Looking back on Malaysia’s history as a maritime empire during the pre-colonization age of 1500s, the Malay sultanate of Malacca had decent relations with the Ming Dynasty of China. The eunuch Admiral Zheng He (known as Cheng Ho in Malaysia) docked several times in Malacca, which was a tributary state to the Ming Dynasty. The Emperor of China saw Malacca as an important trading partner, and when it was conquered by the Portuguese commander Afonso de Albuquerque in 1511, the Chinese demonstrated their rage by brutally executing Portuguese diplomats based in Peking.
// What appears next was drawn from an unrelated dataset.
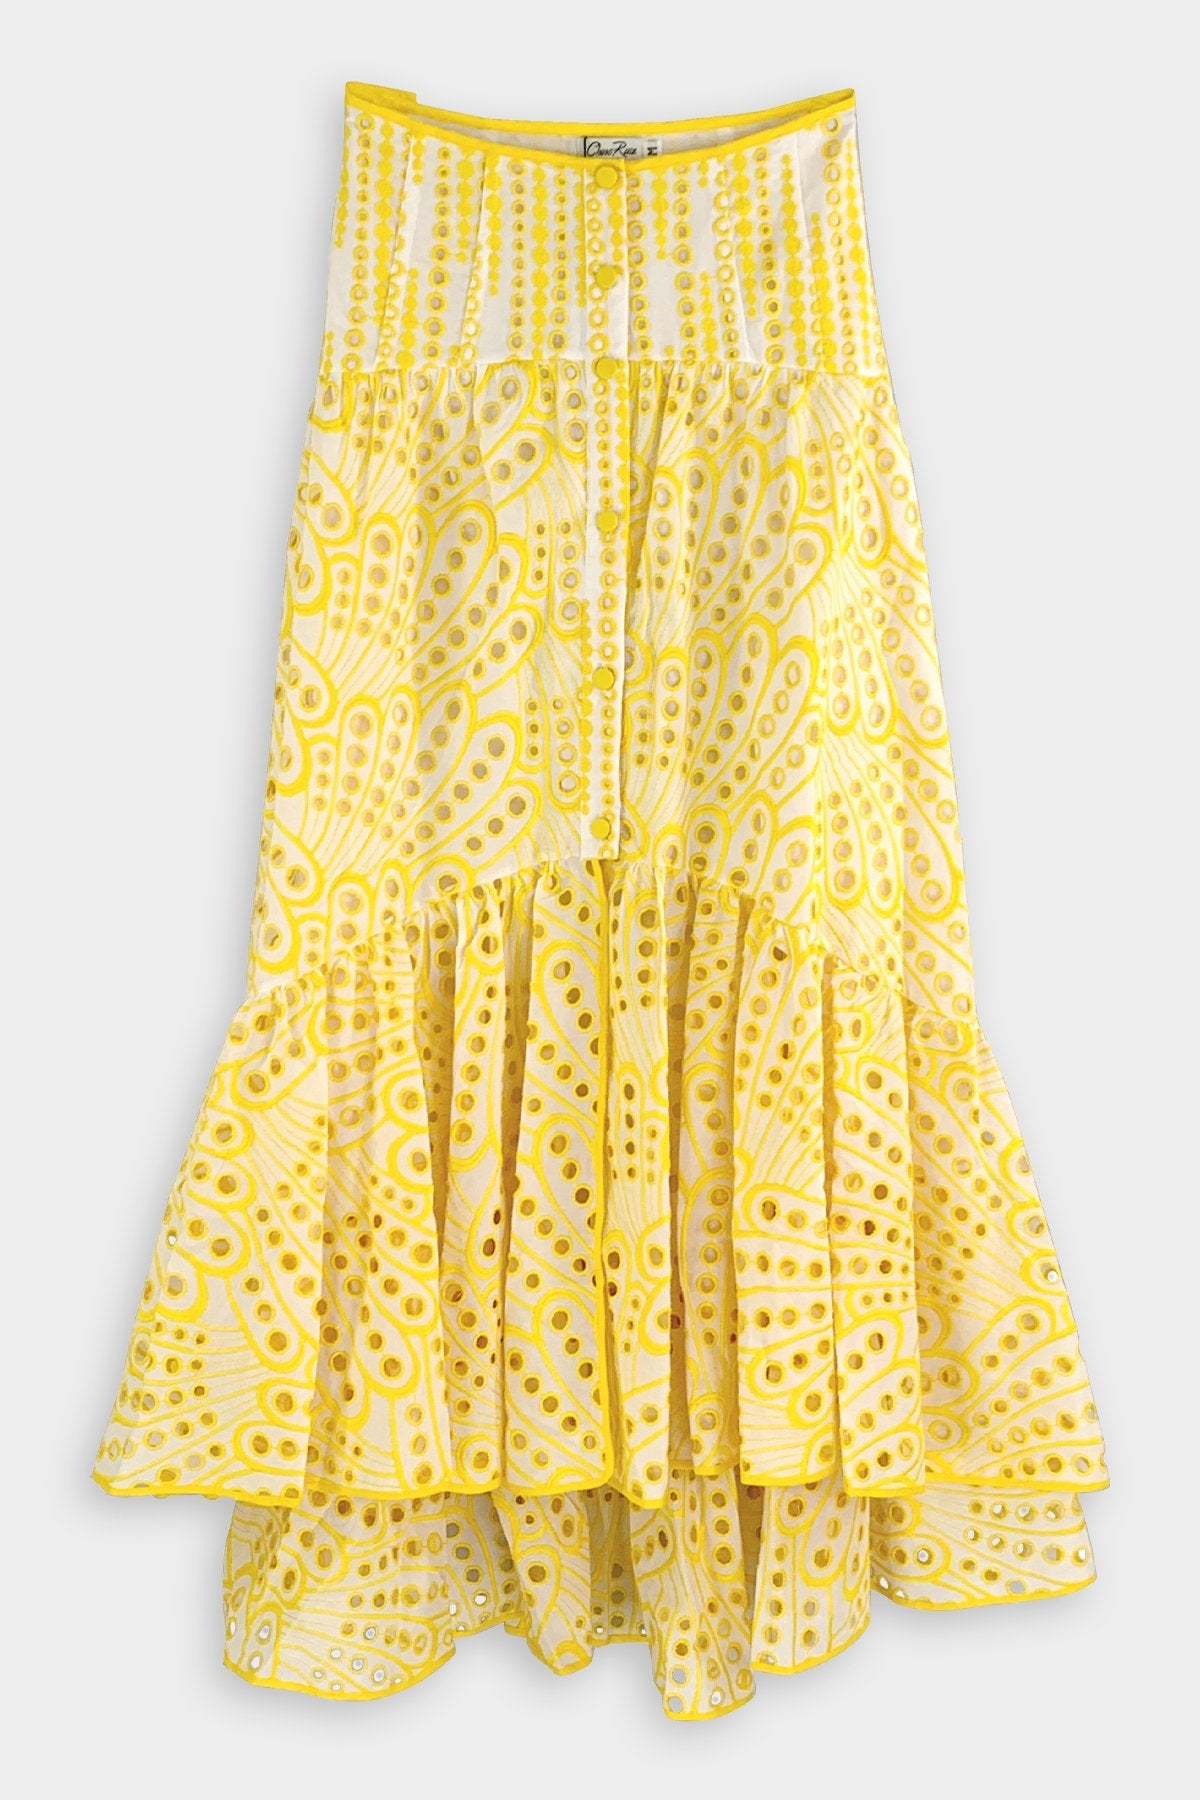 Gina Long Skirt in Solar Yellow - shop-olivia.com

In the 20th century, Malaysia was the first ASEAN nation to normalize relations with Mao Zedong’s China, despite having communist insurgents within Malaysian borders. Malaysia’s second Prime Minister Tun Abdul Razak Hussein made a strategic move where Malaysia needed China to counterbalance the communist threat within its own country. In 1989, communist threats in Malaysia ended with a peace agreement with the Communist Party of Malaya (PKM) signed on the border of Malaysia and Thailand. This was a clear indication of Malaysia’s success in keeping China as a friend while mitigating communism in its own lands. Decades later in 2018, the seventh Prime Minister of Malaysia, Tun Dr. Mahathir Mohamad, commented that China in medieval times was a strategic partner for Malacca and will continue to be an important friend for modern day Malaysia. “The Europeans came to Asia for a number of times, and decided to conquer and exploit our wealth and spices in the Far East. How can we trust the Europeans? China came as a friend and helped us grow,” Tun Mahathir further commented.
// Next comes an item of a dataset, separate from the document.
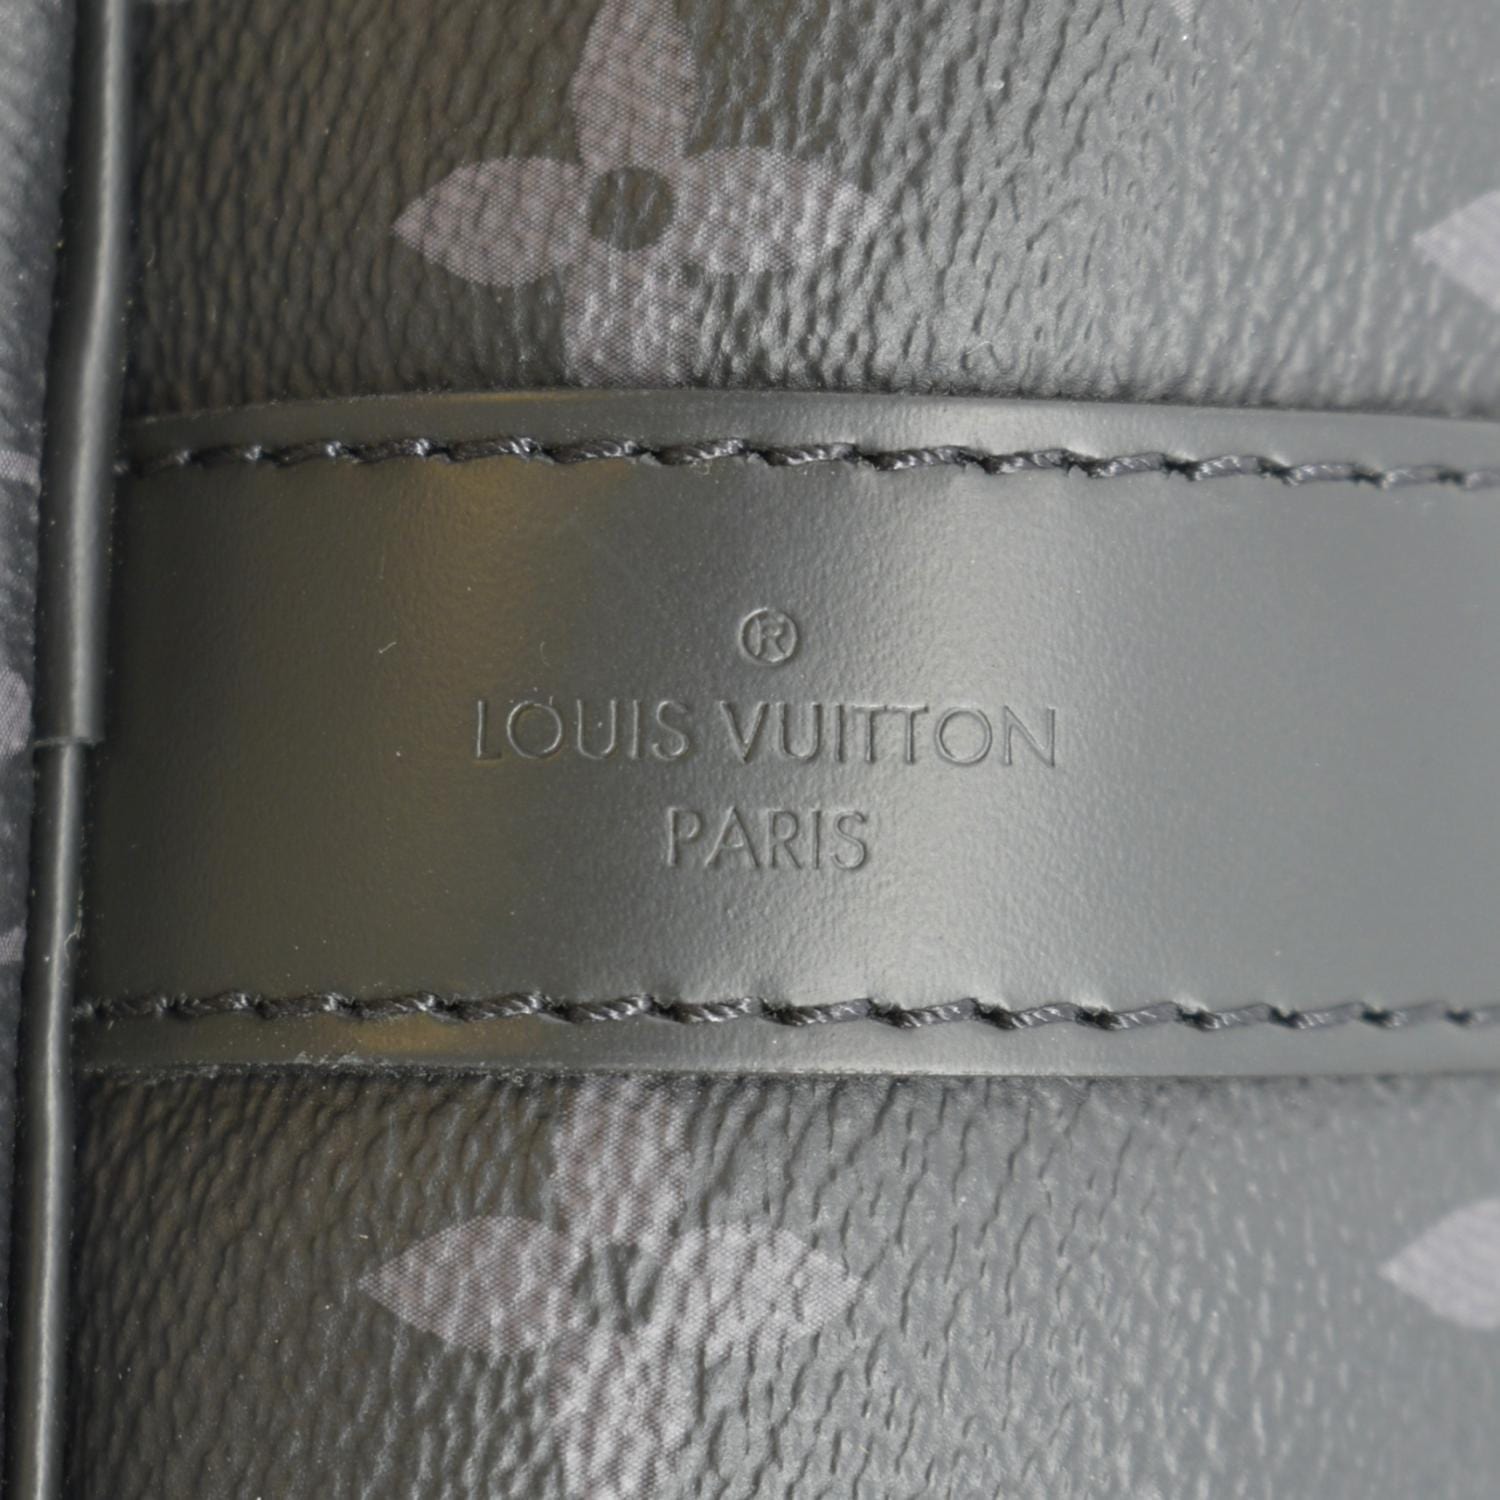 Louis Vuitton Keepall Bandoulière 55 Travel Bag
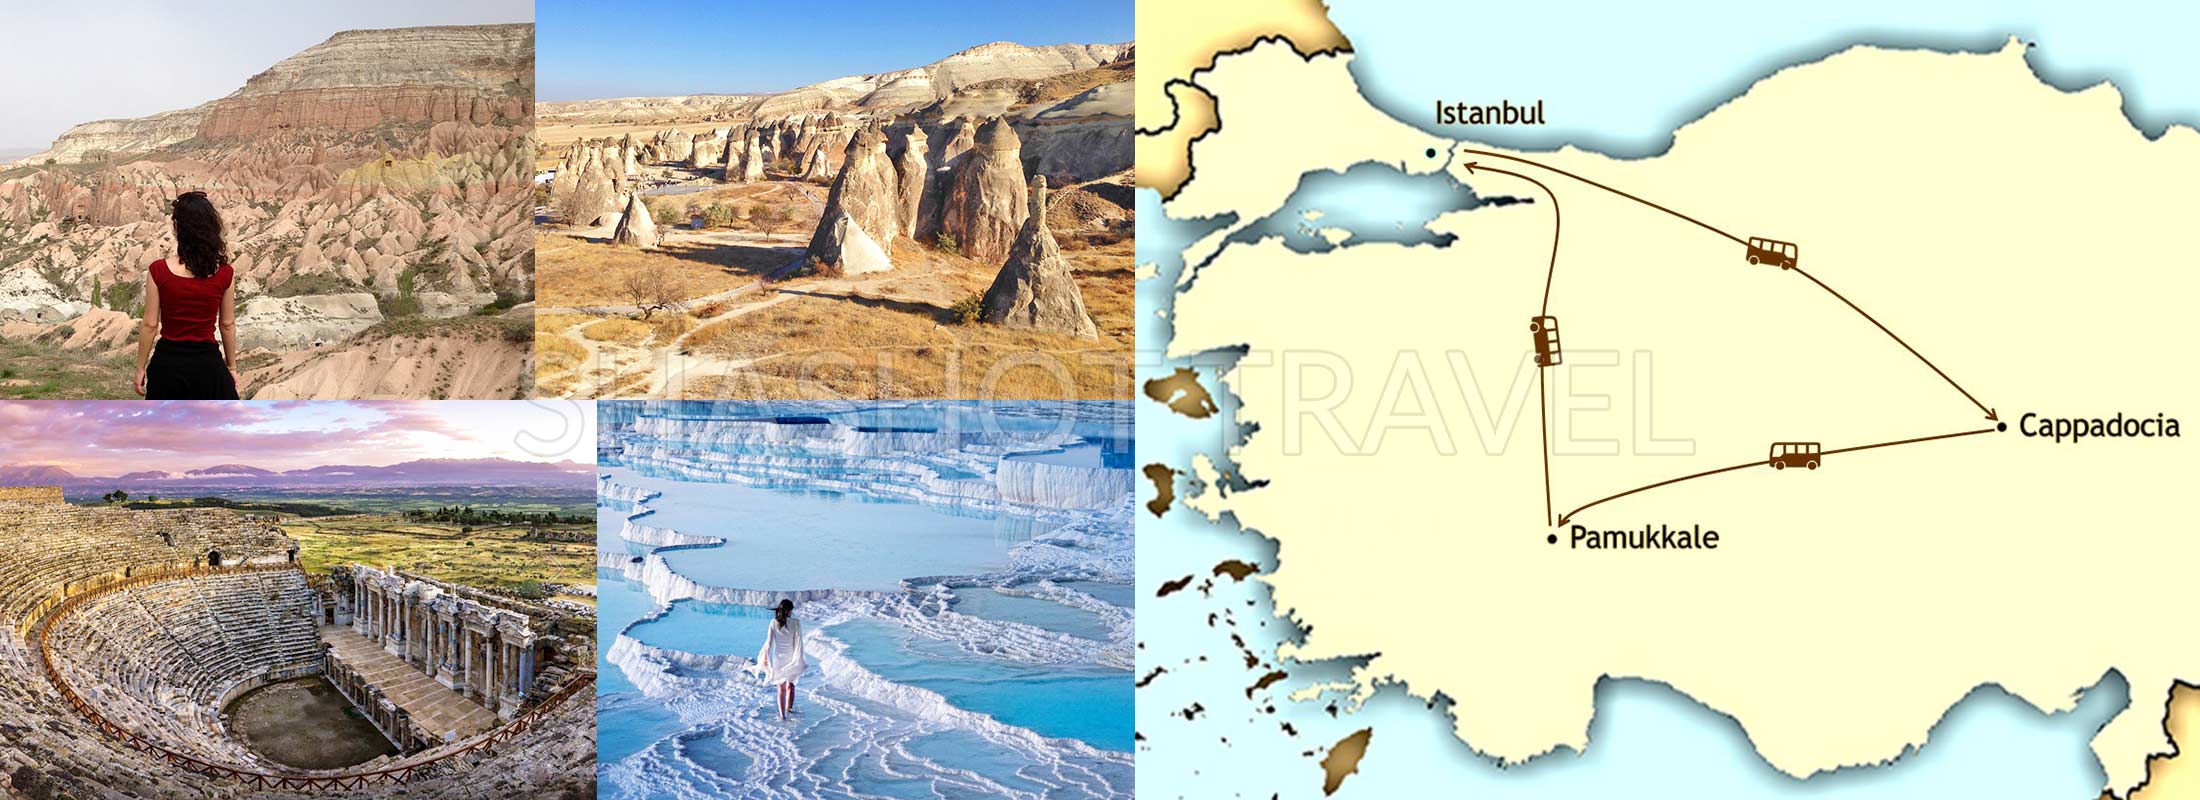 3-DAYS-TURKEY-PACKAGE-TOUR-CAPPADOCIA-PAMUKKALE-HIERAPOLIS-BY-bus-map

It is no secret that despite Malaysia’s stance against certain U.S. actions in its war on terror and invading Iraq and Afghanistan in the aftermath of the 9/11 attacks, its ideals are based on American dreams. Even its flag is almost similar to the star spangled banner, or Jalur Gemilang as the Malaysian flag’s nom de guerre, or “Stripes of Glory,” as it is known. Malaysia’s Declaration of Independence is also based on the American declaration after gaining its independence from Great Britain’s empire. These historical linkages are significant as the U.S. is important for Malaysia and ASEAN, even when there are disagreements on American foreign policy and military actions.
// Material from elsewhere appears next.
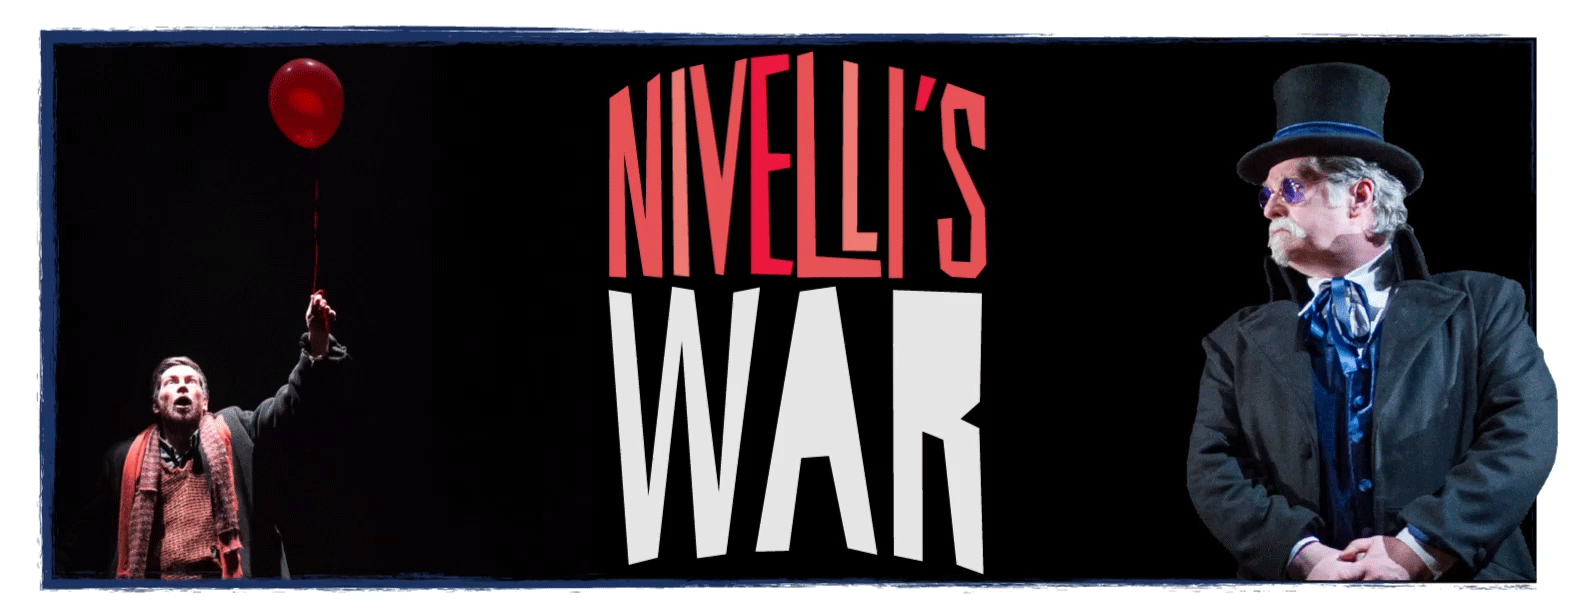 Please Download Images: Nivelli's War

This strategy is known as “soft balancing.” Malaysia and ASEAN cannot compete militarily nor economically with the U.S. and China, and it cannot mistakenly begin to choose sides or pick which one will win or lose. In this sense, ASEAN’s Zone of Peace, Freedom and Neutrality (ZOPFAN) signed in 1971 by its foreign ministers have worked to the region’s advantage. It is well-known that ASEAN was established to counteract the domino effect around when the U.S. began occupying Vietnam, and it had its own rivalries between democratic and communist governments that featured Soviet-backed North Vietnam, Mao’s China, and other communist allies. After South Vietnam fell Malaysia and ASEAN did not witness a domino effect and communist victory did not threaten the democracy of other Southeast Asian states. Vietnam successfully rebuilt after the war and normalized relations with the U.S. several decades later.
China’s divide and conquer strategy with ASEAN members and especially with South China Sea claimants like Indonesia, Malaysia, the Philippines, and Vietnam have thus far worked by having proxies play out China’s bidding within ASEAN. In 2012, it was unprecedented that ASEAN could not agree on a Joint Communique with regard to ASEAN’s stance on the South China Sea. Members of ASEAN heavily reliant on China’s wealth and investment overturned the region’s overall commitment to maintain its ZOPFAN strategies. Yet being neutral and friendly to all is what makes ASEAN effective. Can ASEAN recalibrate once again?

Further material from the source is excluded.